**GOAL OF THE EXERCISE:**
Using the material below, print the line that contains "Fiche de lecture", the line that contains "La mélancolie au", and every line in between, exactly and nothing else.

**MATERIALS PROVIDED:**
════════
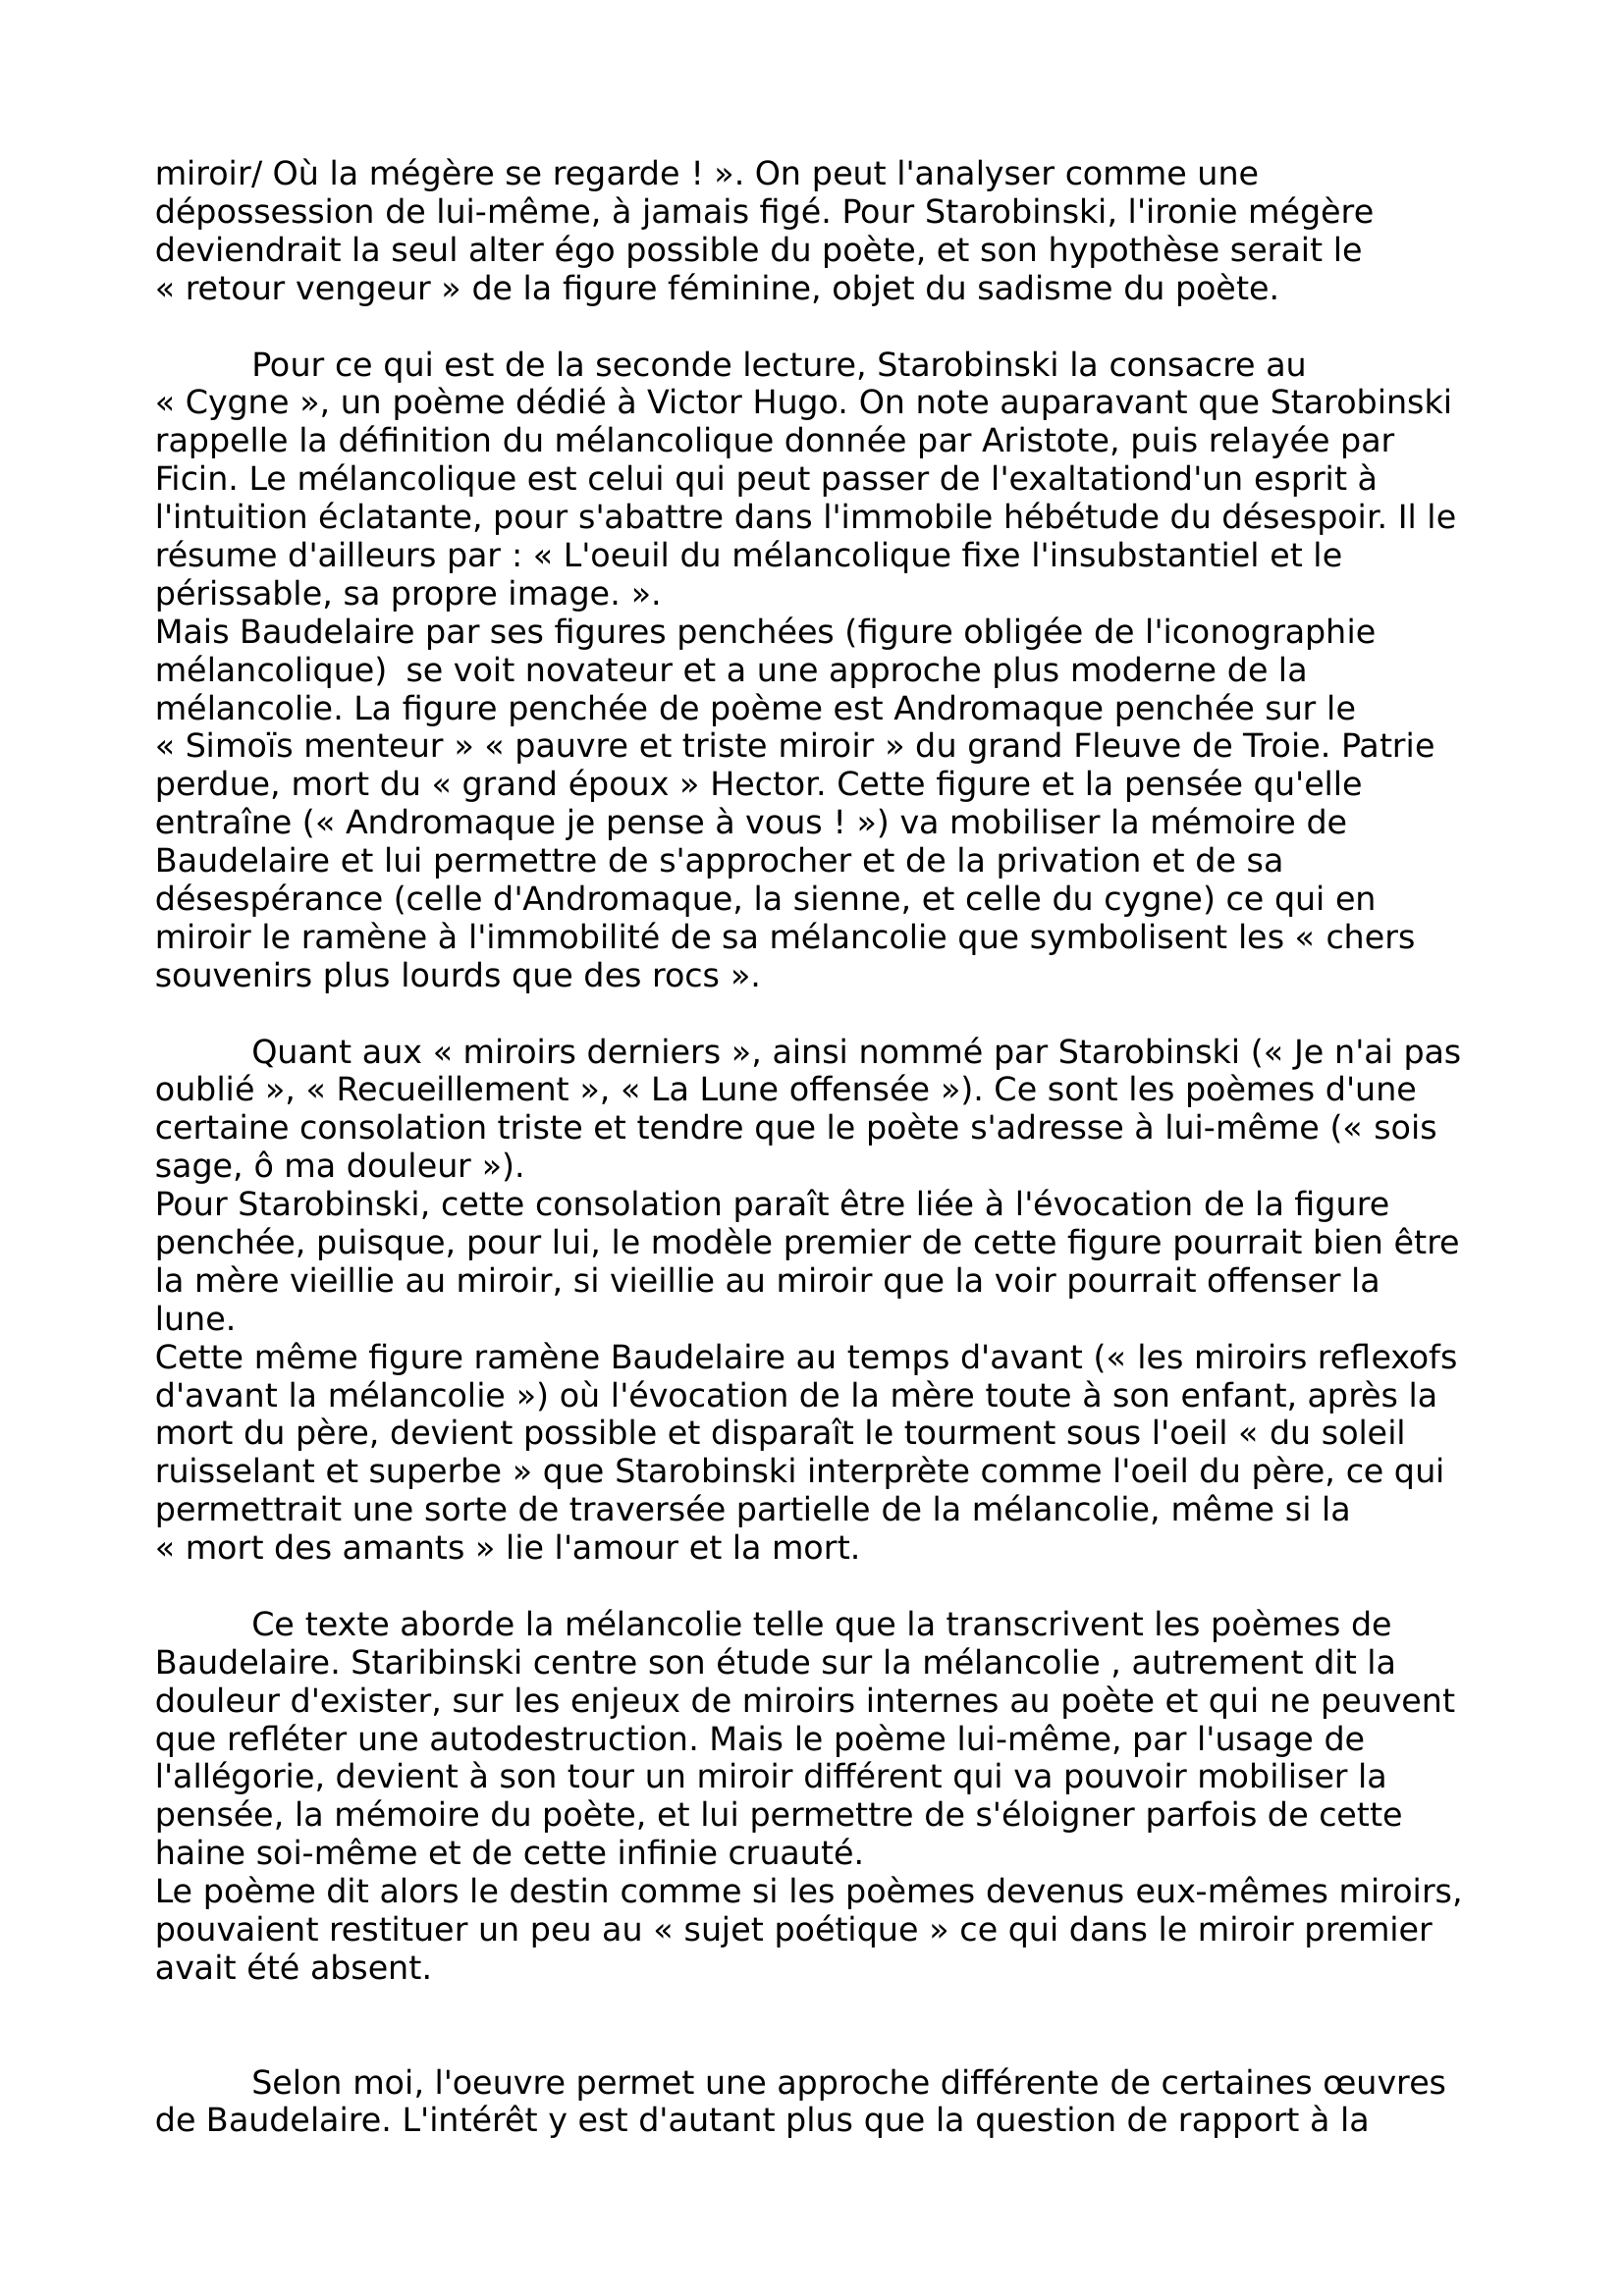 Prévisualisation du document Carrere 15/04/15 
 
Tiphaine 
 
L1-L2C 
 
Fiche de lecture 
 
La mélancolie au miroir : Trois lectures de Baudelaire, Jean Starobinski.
════════
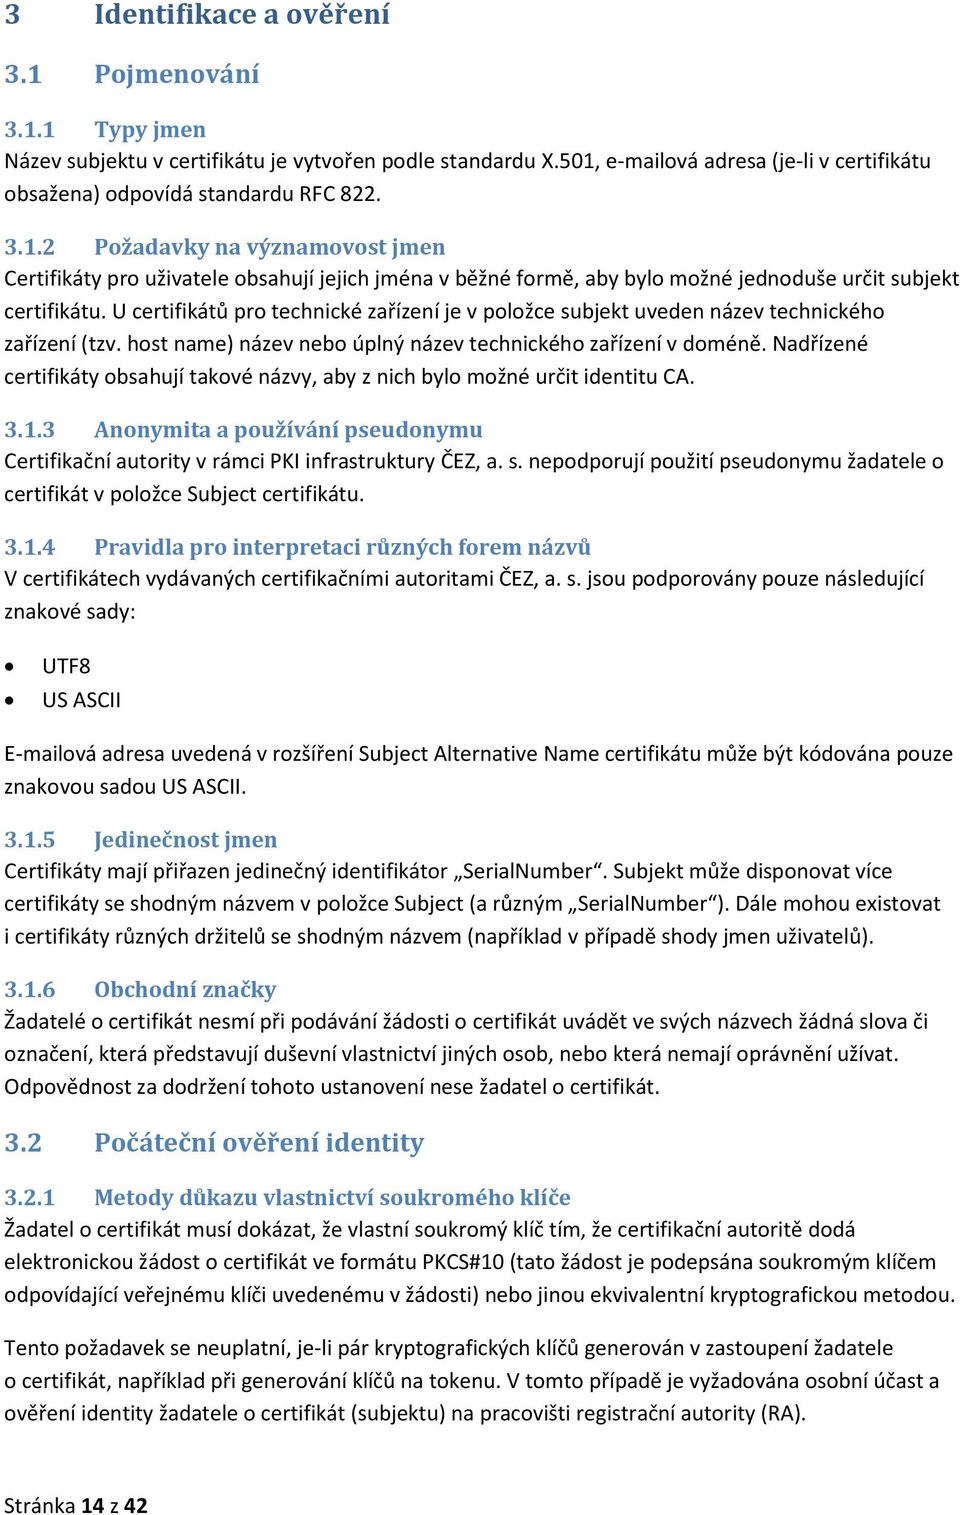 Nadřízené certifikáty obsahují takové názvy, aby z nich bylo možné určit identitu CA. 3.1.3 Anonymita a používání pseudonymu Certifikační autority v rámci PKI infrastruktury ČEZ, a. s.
════════
**OUTPUT OF THE TASK:**
Fiche de lecture 
 
La mélancolie au miroir : Trois lectures de Baudelaire, Jean Starobinski.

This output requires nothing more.